Customers can also be segmented in order to better prevent the loss of profitable customers to churn. As it is almost always more expensive to acquire a new customer than to keep a current one, banks can benefit from a data-driven approach to retention.
By segmenting customers based on vulnerability, or likelihood to leave, organizations can send customized offers to the people most at-risk of departing. Advanced analytics can enable you to be more proactive, knowing who to reach out to.
You can assess the risk of churn on a monthly basis, and develop automated processes to alert you when high-value customers begin to exhibit behaviors that indicate they may be preparing to leave.
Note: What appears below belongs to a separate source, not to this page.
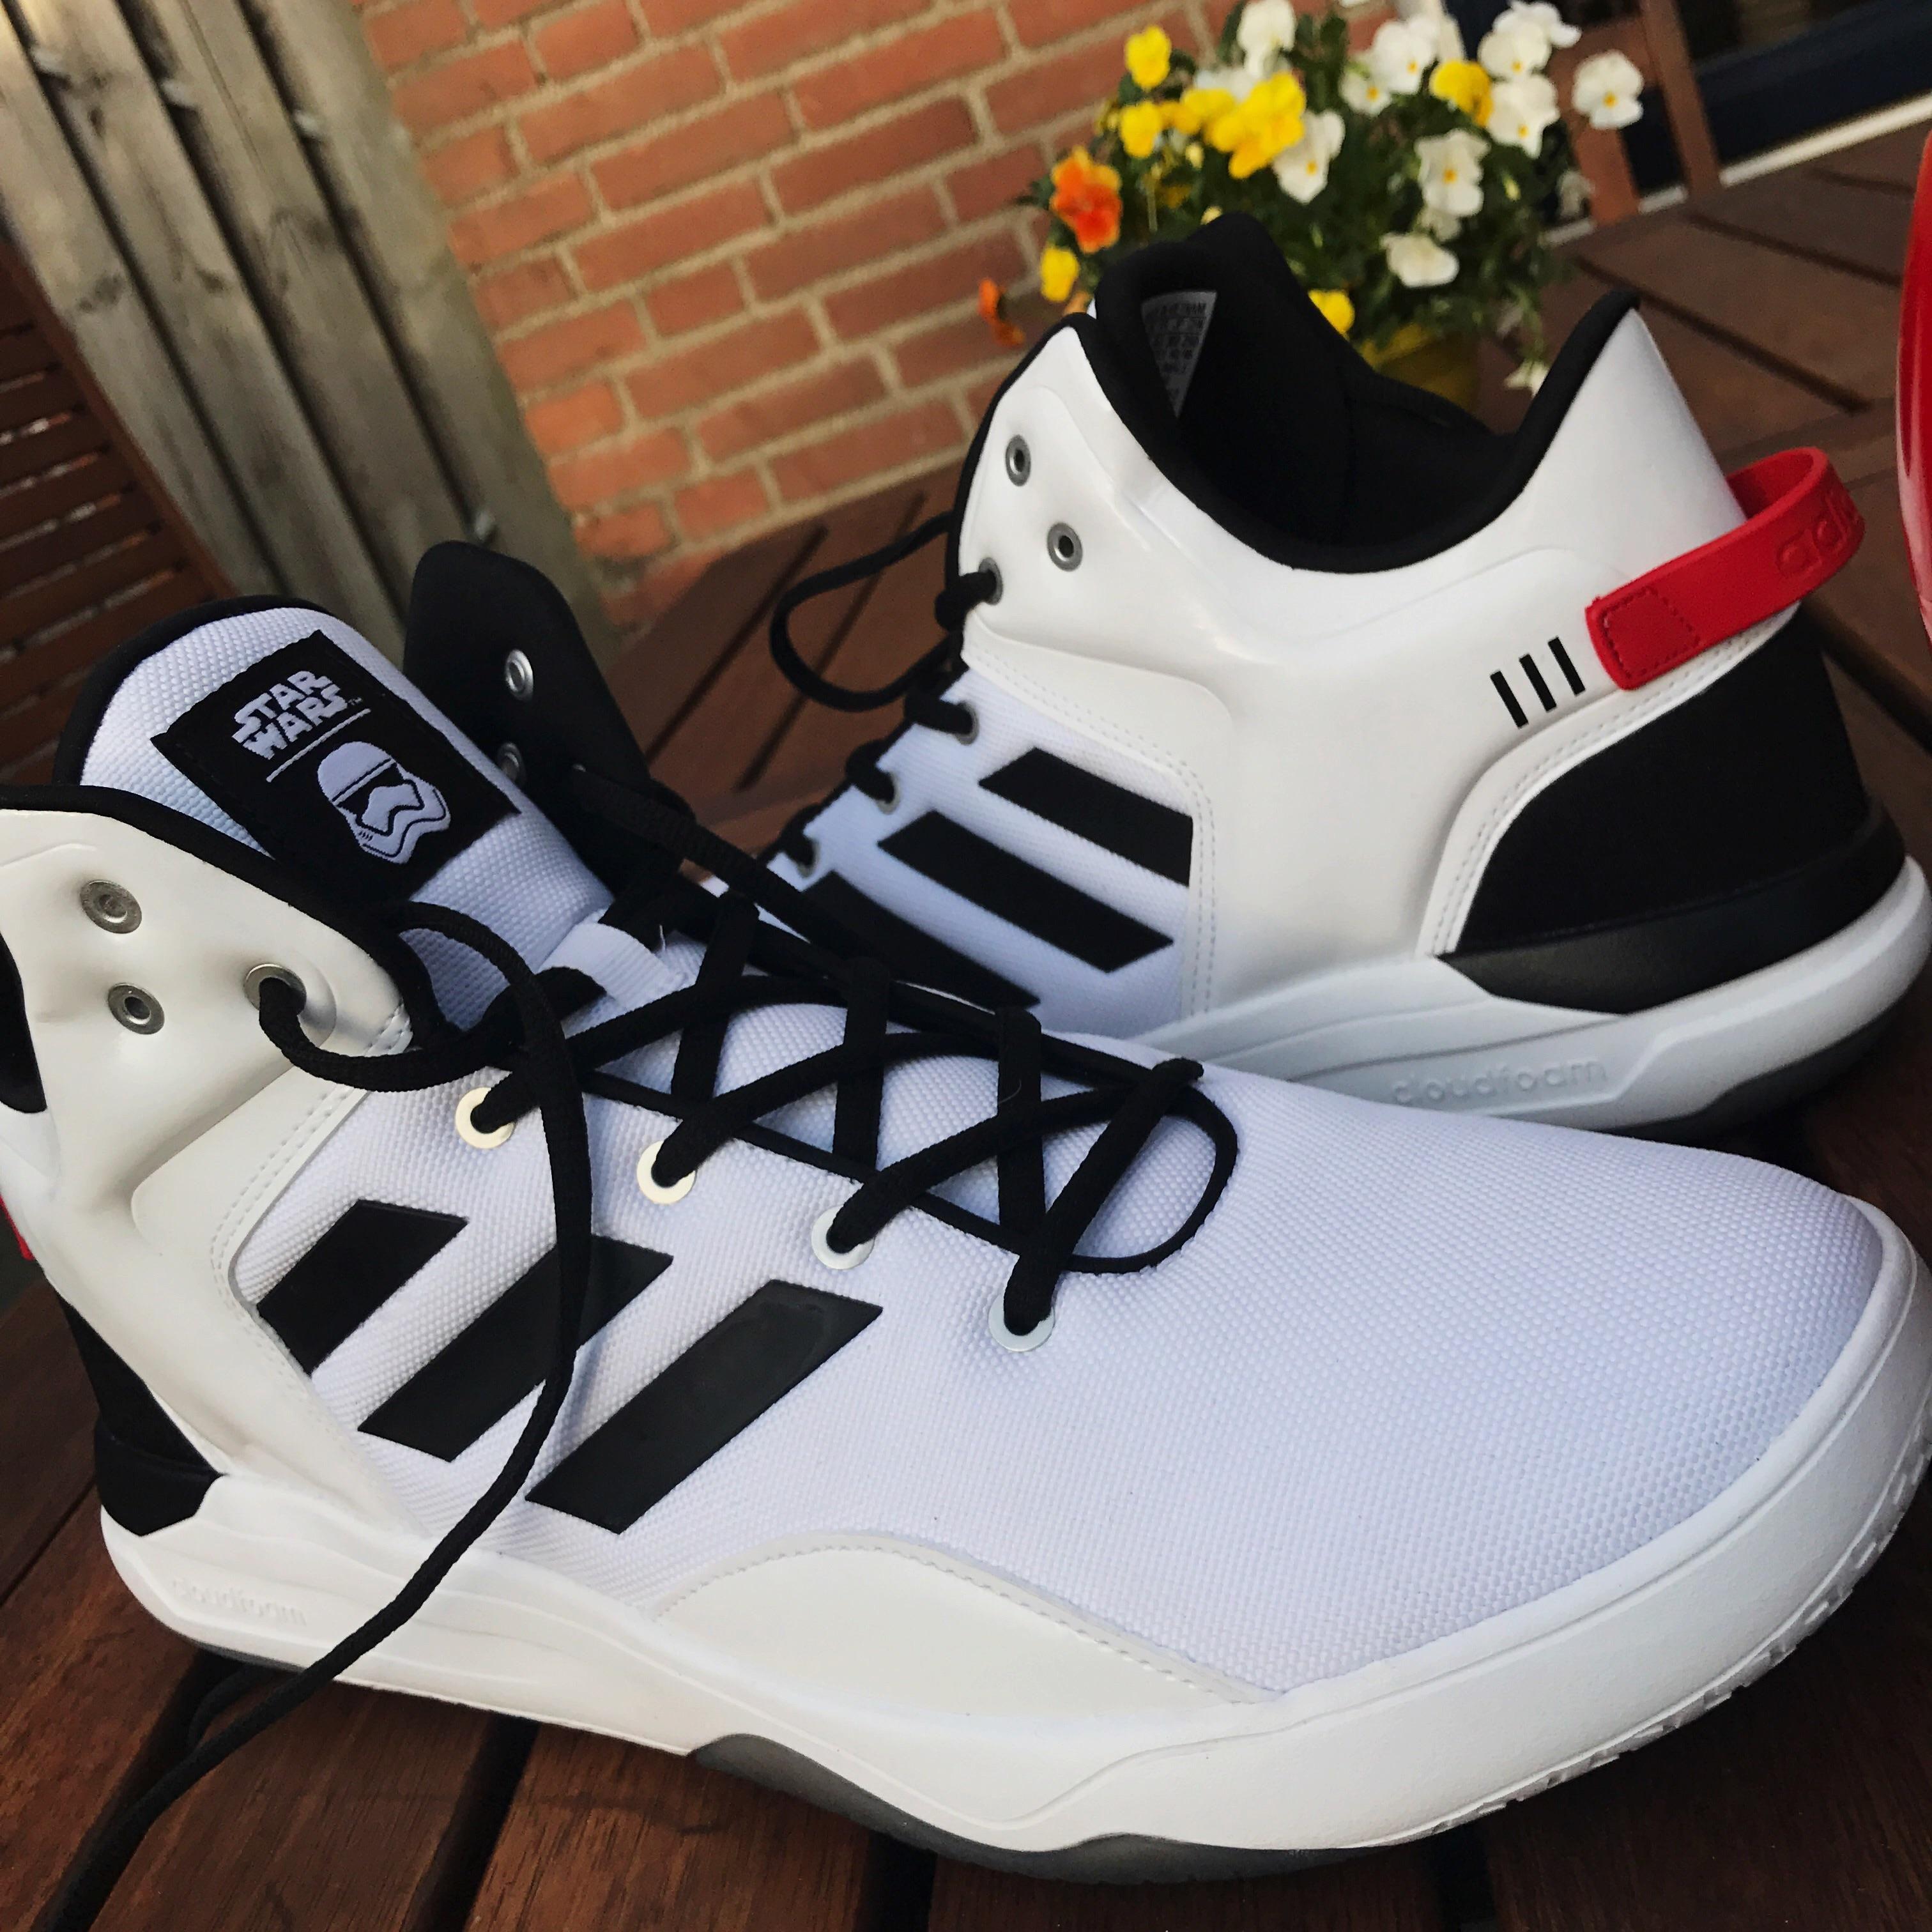 [Pickup] Storm Trooper - Adidas Cloudfoam Revival Mids. Storm TroopersNike  SneakersAdidasStar WarsNike ...

For example, your predictive modeling might indicate that declining balances, dramatically reduced transaction volumes, elimination of direct deposit, and other key factors are early warning signs that the relationship is in trouble.
In order to truly gain value from customer segmentation and data mining, companies need to be ready to take swift and decisive action based on their findings. That’s why it is essential to start thinking about deployment from the very beginning. When starting a segmentation project, one of the first questions to ask is, “What would an ideal solution look like and how would it be deployed?” Business understanding, which should always be the first phase of a data mining project, is crucial as it connects the mathematics to the real problem at hand.
Ultimately, the bank’s business issues, and its strategy and operating model, should shape what questions to ask of the data. Without this clarity and alignment, the analysis is unlikely to reveal insights that you can act on. Segmentation based on analyzing customer behavior can boost the effectiveness of your marketing efforts when strategy and analytics are well-integrated.